10.Validity assessment of self-reported smoking status in firefighters using the urine cotinine test
Han Cheol HEO ; Young Seok BYUN ; Soo Ho SOHN ; Seong Min JO ; Sung Kyu PARK ; Joon SAKONG
Annals of Occupational and Environmental Medicine 2020;32(1):e2-
BACKGROUND:
In firefighters, smoking management is important because they are exposed to various harmful substances in their occupational environment. Accurate surveys of smoking status are essential to control tobacco use. The main disadvantage of self-report questionnaires, which are commonly used for investigating smoking status, is the possibility that the subjects' response are invalid. If the validity of firefighters' answers on smoking questionnaires is not adequate, different methods will be needed for investigating smoking status in firefighters.
METHODS:
This study was conducted on 445 male firefighters from 9 fire stations in Daegu (the city in South Korea) who visited a medical institution for medical checkup in 2016. The urine cotinine test strip (DCT-102; CLIAwaived Inc., cut-off value = 200 ng/mL) was used to classify the actual smoking status and to assess the validity of self-reported smoking status on questionnaires. The sensitivity, specificity, positive predictive value (PPV), and negative predictive value (NPV) of the smoking questionnaires were analyzed. Subjects testing positive in the urine cotinine test (assumed the actual current smokers) were selected. The frequency at which actual current smokers were misclassified as current non-smokers by the questionnaire was calculated. Subjects' characteristics were analyzed for possible association with any discrepancy between self-reported smoking status and urine cotinine test results.
RESULTS:
The smoking rates among firefighters surveyed using the smoking questionnaire and the urine cotinine test were 22.47% and 51.24%, respectively. Of the all subjects, 29.66% (n = 132) were misclassified. The sensitivity of the smoking questionnaire was 42.98%, the specificity was 99.08%, the PPV was 98.00%, and the NPV was 62.32%. In the 228 subjects classified as current actual smokers by the urine cotinine test, 57.02% (n = 130) were misclassified on the questionnaire. The misclassification rate increased with age.

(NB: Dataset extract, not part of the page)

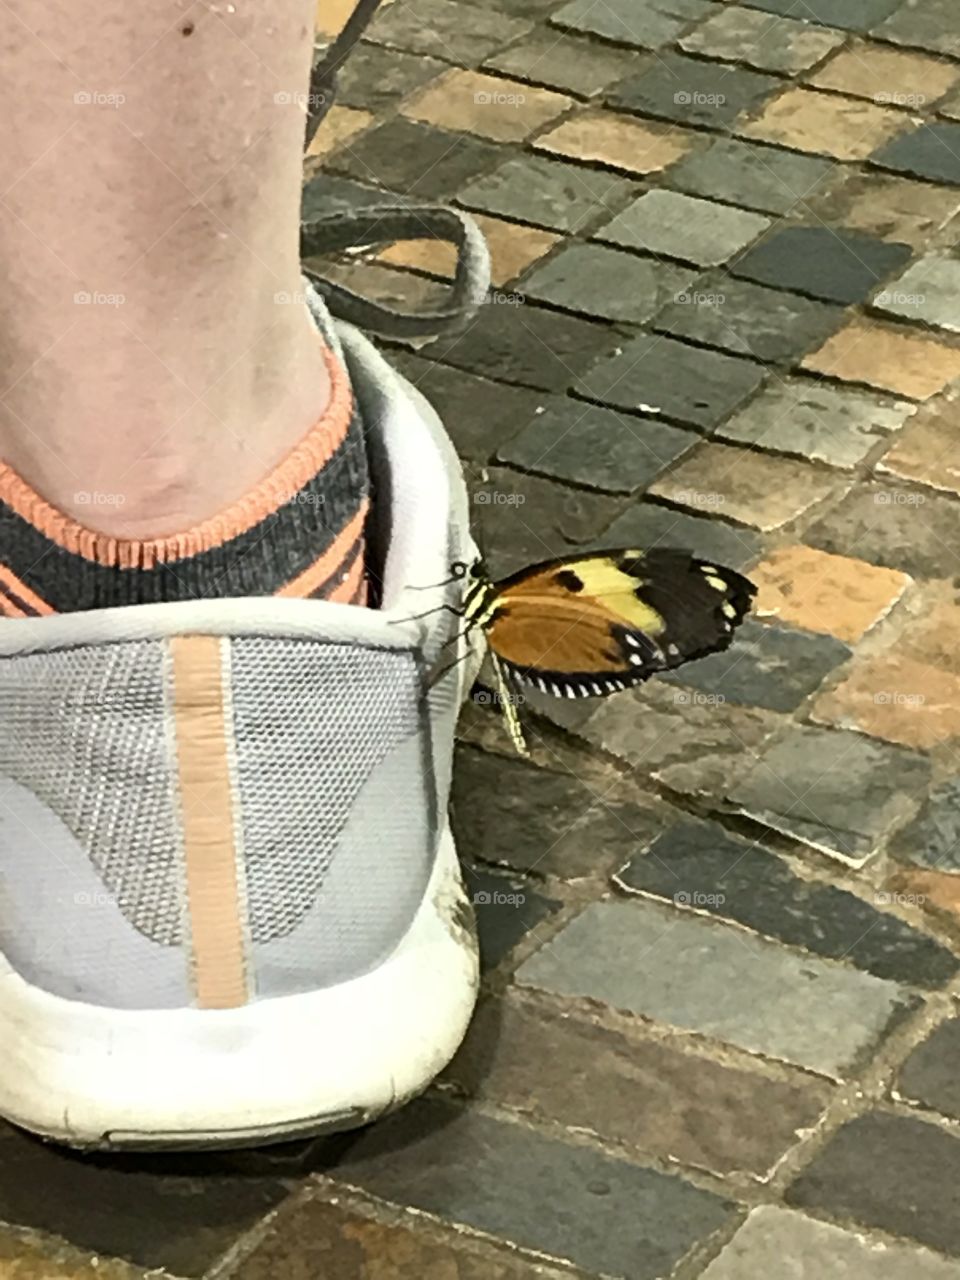 At a butterfly garden this little beauty landed on the shoe of one of the girls in our group and just hung out there for awhile.

The degree of misclassification also increased when subjects had a history of disease.
CONCLUSIONS
In present study, the validity of the smoking questionnaire for firefighters was not suitable for investigating smoking status due to low sensitivity. To increase the validity of smoking status monitoring in firefighters, consideration of the various factors like survey environment, subjects' characteristics, and occupational factors is needed.